For example, sensing important factors that involve motor drive and position in the automotive environment is a multi-faceted mechanical, environmental, and electronic challenge. To remedy this situation, the LX34070 integrated circuit of Microchip technology targets electric vehicle (EV) motor control applications.

This high-speed inductive position sensor includes differential outputs, fast sample rates, and features that make it functional safety ready for ISO 26262 compliance in Automotive Safety Integrity Level (ASIL-C) classification. C) and AEC-Q100 certification for Level 0.

Inductive sensing isn’t new, of course, and uses an AC-excited primary coil – here fabricated as part of the PCB – to generate a magnetic field that couples to two secondary coils (also part of the board) . A small metallic target object disrupts this magnetic field, causing each secondary coil to receive a different voltage; the ratio between the voltages is used to calculate the absolute position (Fig.1).

By using board traces rather than transformer-based magnetic windings and coil structures, the LX34070 has negligible size and mass compared to alternative approaches.
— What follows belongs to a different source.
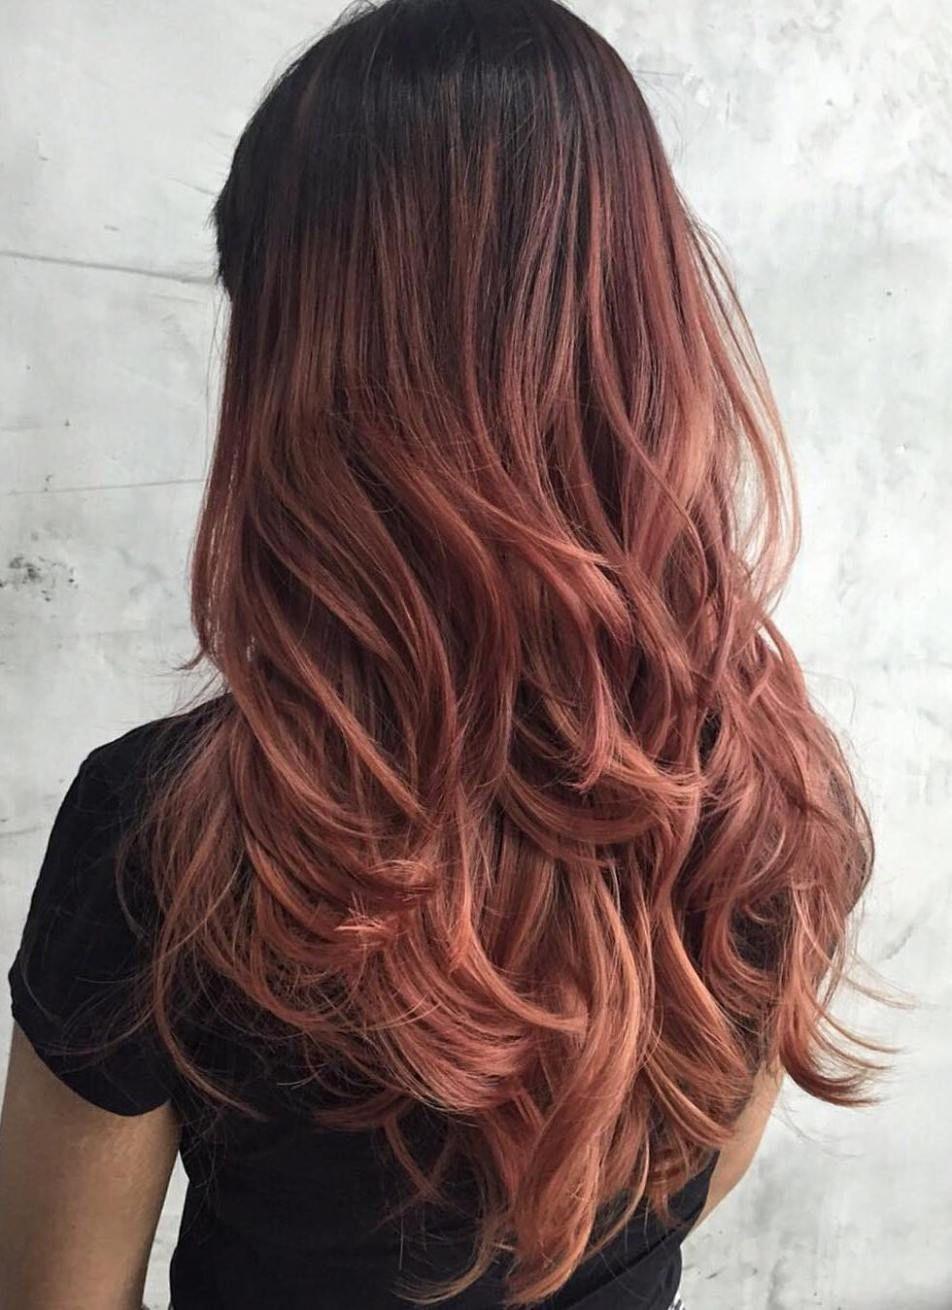 medium brown hair with blonde highlights

Accuracy is improved because the performance does not depend on the absolute strength of the magnet, but rather on their difference. The device further enhances ruggedness by actively rejecting stray magnetic fields, a major concern in electric vehicles.

These and other features provide designers with increased flexibility in where the LX34070 thin-and-light PCB-based solution can be placed in their EV motor control designs. The two output signals that represent absolute position can be used in a single-ended configuration to reduce pin count or as differential signals to maximize noise immunity if needed.

As expected, the IC is complex internally (Fig.2).

It includes an excitation circuit to drive the primary coil and two independent analog channels with input filtering and amplitude demodulation for the secondary side. In addition, differential/unbalanced output buffers with precise common-mode level and automatic gain control (AGC) maximize signal resolution over large gap ranges.

Of course, since faults are always a problem, there are circuitry for output short circuit protection, power and ground loss detection, and fault detection at the coil pins. excitation and receive coil pins.

The 36-page technical sheet explains the theory of operation, includes operating information, provides details on setting parameters in its EEPROM, and an application circuit with suggested component values (Fig.3).

Microchip also provides links to a wide range of Inductive Position Sensor Design Resourcesincluding evaluation kits and software tools, their take on “Advantages of inductive position sensors compared to Hall effect sensors“(Hall effect sensor vendors will no doubt have different views here), and a nine-minute video tutorial”Demonstration of the concept of inductive position sensing.”

The LX34070 operates from a 4.5 to 5.5 V supply with protection up to 18 V; it is housed in a 14-pin TSSOP package and is rated for -40 to +150°C operation.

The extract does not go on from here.